Al Jazeera: Email is “old fashioned”

I continue to get blown away by the quality of material coming from Middle Eastern media network Al Jazeera.

I’ve just watched the latest Listening Post podcast and have learned more about Yemen in a few minutes than from a lifetime of watching, reading and listening to Australian media.

And fascinatingly, this is how Listening Post presenter Richard Gizbert explained how you can take part in the program.

We are now closing in on four thousand viewers following us on Facebook and Twitter. They check in to find out what stories we’re working on and in case they want to weigh in as one of our Global Village Voices. If you’d like to do the same, just go to either of those sites and search us out. Or you can get in touch with us the old-fashioned way on email. We’re at listeningpost@aljazeera.net.

Yes, that’s right. Email is now “old-fashioned”. Love your work, guys.

2 Replies to “Al Jazeera: Email is “old fashioned””

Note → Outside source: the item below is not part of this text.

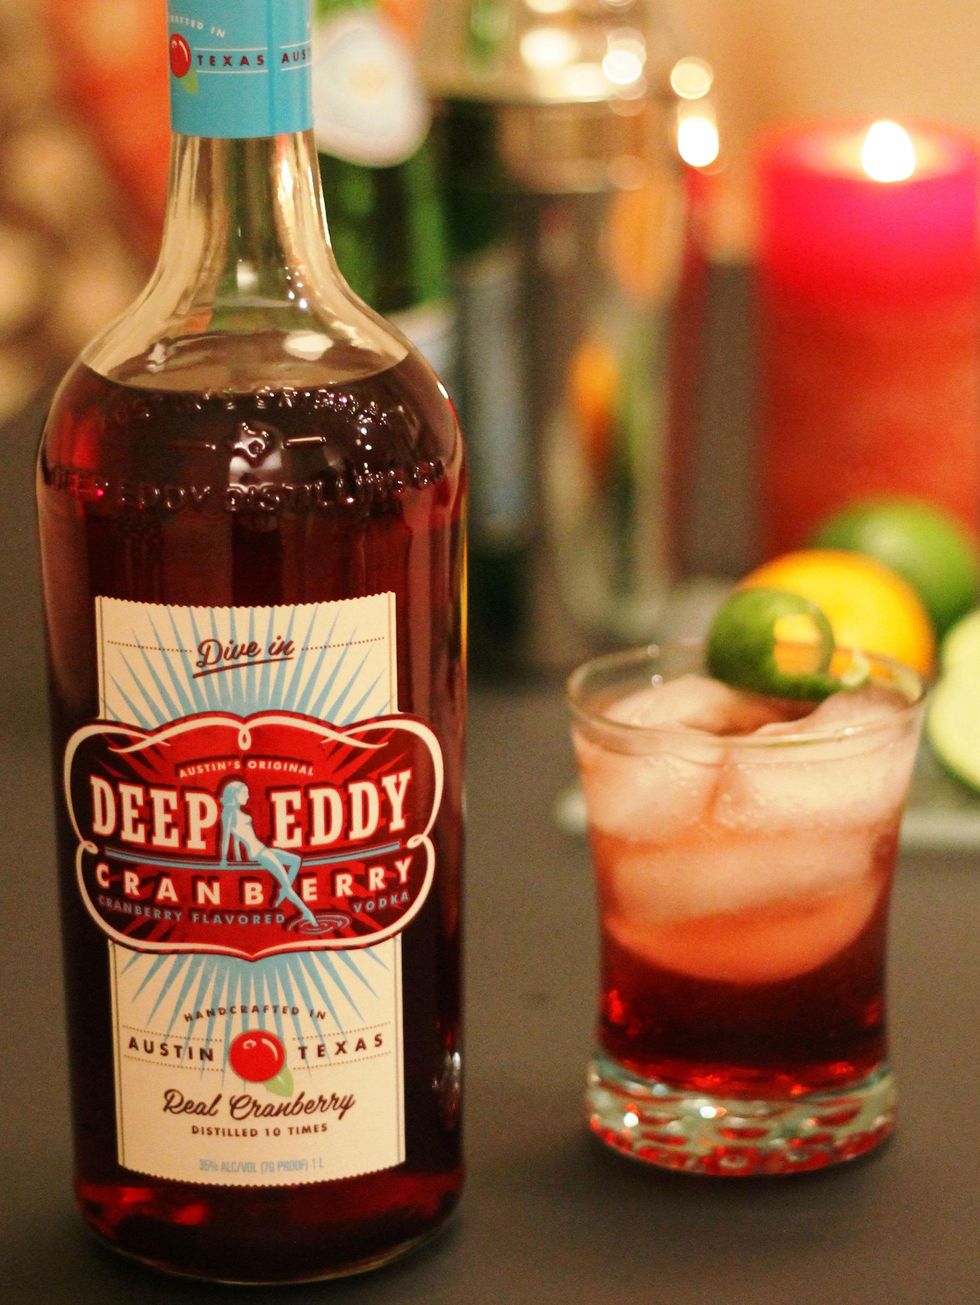 Deep Eddy Vodka And Absolut Unveil Tasty New Flavors With Texas Roots Culturemap Austin 9408

  1. Great find from al-Jazeera, Stil. I spent a month in Yemen at the start of 2009 and found it a fascinating place to be. Interestingly, (and in accordance with the Listening Post report) while 30 suspected al-Qaeda trainees had been arrested only a week before I arrived, it wasn’t treated as a big deal at all in the local media, and certainly not at the macro-level. Issues like the demographic problems are much more concerning: while I was over there someone told me that the average Yemeni woman gives birth to 7 children! (This goes part-way to explaining why the median age is so low)

    Another problem is their wholesale addiction to khat (think Arabic chewing tobacco), and the fact that many many farmers are turning to it as a cash crop rather than growing more useful things. Combine that with the dwindling oil reserves and water supply, and you’ve got big challenges ahead.

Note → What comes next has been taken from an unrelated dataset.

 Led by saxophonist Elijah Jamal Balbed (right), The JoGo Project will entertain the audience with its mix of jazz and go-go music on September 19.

    I did encounter some quite strong anti-American sentiment while there (I had to explain quite vehemently to one local in a market that I was Aussie, not a Yank). Whether Yemen becomes a full-blown terrorism hotbed (which I don’t think it is at all now) will probably depend on where the blame for the country’s problems gets levelled: at the Yemeni Government or at the West.

    Given that the current President has been in power for 33 years, The last thing the US wants to be doing right now is providing more propaganda for the real terrorists to use.

  2. @andrewdotnich: The range of your knowledge and experience continues to amaze me.

    Apart from the male dominance in what I assume is a relatively “traditional” culture, the number of children born indicates that Yemen is still in a pre-industrialised phase — and I’m using the term loosely here. Usually, when the wave of industrial development moves through a society, prosperity and thus healthcare increases first, bringing with is an improvement in lifespan and a decrease in child mortality. Only a generation or three later does the birth rate drop to match — the result being a population surge.

    That graph is from the RAND report Global Shifts in Population.